» WHAT IS NEEDED:
Extract all records. Keep each one exact.

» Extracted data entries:
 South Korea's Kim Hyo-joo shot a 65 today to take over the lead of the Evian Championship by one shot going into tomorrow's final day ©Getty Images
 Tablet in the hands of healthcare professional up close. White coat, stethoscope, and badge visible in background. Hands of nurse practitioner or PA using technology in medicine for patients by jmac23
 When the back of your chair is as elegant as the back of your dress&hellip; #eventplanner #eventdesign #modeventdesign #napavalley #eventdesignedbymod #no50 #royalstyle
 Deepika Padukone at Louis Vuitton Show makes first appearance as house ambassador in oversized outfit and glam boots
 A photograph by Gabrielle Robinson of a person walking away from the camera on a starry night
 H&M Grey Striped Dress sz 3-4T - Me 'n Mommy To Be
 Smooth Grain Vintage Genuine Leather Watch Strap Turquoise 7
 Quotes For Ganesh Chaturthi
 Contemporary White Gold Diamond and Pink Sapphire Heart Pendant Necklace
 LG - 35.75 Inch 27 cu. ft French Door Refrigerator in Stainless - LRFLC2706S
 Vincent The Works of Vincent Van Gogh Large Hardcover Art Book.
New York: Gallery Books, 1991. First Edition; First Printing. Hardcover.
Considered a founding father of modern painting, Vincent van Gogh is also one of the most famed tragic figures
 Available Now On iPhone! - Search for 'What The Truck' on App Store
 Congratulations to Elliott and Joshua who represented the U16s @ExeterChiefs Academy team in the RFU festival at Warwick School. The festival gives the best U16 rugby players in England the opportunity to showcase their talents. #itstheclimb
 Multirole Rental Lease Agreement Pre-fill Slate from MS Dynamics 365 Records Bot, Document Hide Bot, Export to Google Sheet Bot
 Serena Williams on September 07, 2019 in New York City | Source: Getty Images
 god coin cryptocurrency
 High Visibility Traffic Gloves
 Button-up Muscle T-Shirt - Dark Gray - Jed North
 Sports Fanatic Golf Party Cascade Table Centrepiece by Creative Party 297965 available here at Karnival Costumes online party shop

» TASK RESULT:
 South Korea's Kim Hyo-joo shot a 65 today to take over the lead of the Evian Championship by one shot going into tomorrow's final day ©Getty Images
 Tablet in the hands of healthcare professional up close. White coat, stethoscope, and badge visible in background. Hands of nurse practitioner or PA using technology in medicine for patients by jmac23
 When the back of your chair is as elegant as the back of your dress&hellip; #eventplanner #eventdesign #modeventdesign #napavalley #eventdesignedbymod #no50 #royalstyle
 Deepika Padukone at Louis Vuitton Show makes first appearance as house ambassador in oversized outfit and glam boots
 A photograph by Gabrielle Robinson of a person walking away from the camera on a starry night
 H&M Grey Striped Dress sz 3-4T - Me 'n Mommy To Be
 Smooth Grain Vintage Genuine Leather Watch Strap Turquoise 7
 Quotes For Ganesh Chaturthi
 Contemporary White Gold Diamond and Pink Sapphire Heart Pendant Necklace
 LG - 35.75 Inch 27 cu. ft French Door Refrigerator in Stainless - LRFLC2706S
 Vincent The Works of Vincent Van Gogh Large Hardcover Art Book.
New York: Gallery Books, 1991. First Edition; First Printing. Hardcover.
Considered a founding father of modern painting, Vincent van Gogh is also one of the most famed tragic figures
 Available Now On iPhone! - Search for 'What The Truck' on App Store
 Congratulations to Elliott and Joshua who represented the U16s @ExeterChiefs Academy team in the RFU festival at Warwick School. The festival gives the best U16 rugby players in England the opportunity to showcase their talents. #itstheclimb
 Multirole Rental Lease Agreement Pre-fill Slate from MS Dynamics 365 Records Bot, Document Hide Bot, Export to Google Sheet Bot
 Serena Williams on September 07, 2019 in New York City | Source: Getty Images
 god coin cryptocurrency
 High Visibility Traffic Gloves
 Button-up Muscle T-Shirt - Dark Gray - Jed North
 Sports Fanatic Golf Party Cascade Table Centrepiece by Creative Party 297965 available here at Karnival Costumes online party shop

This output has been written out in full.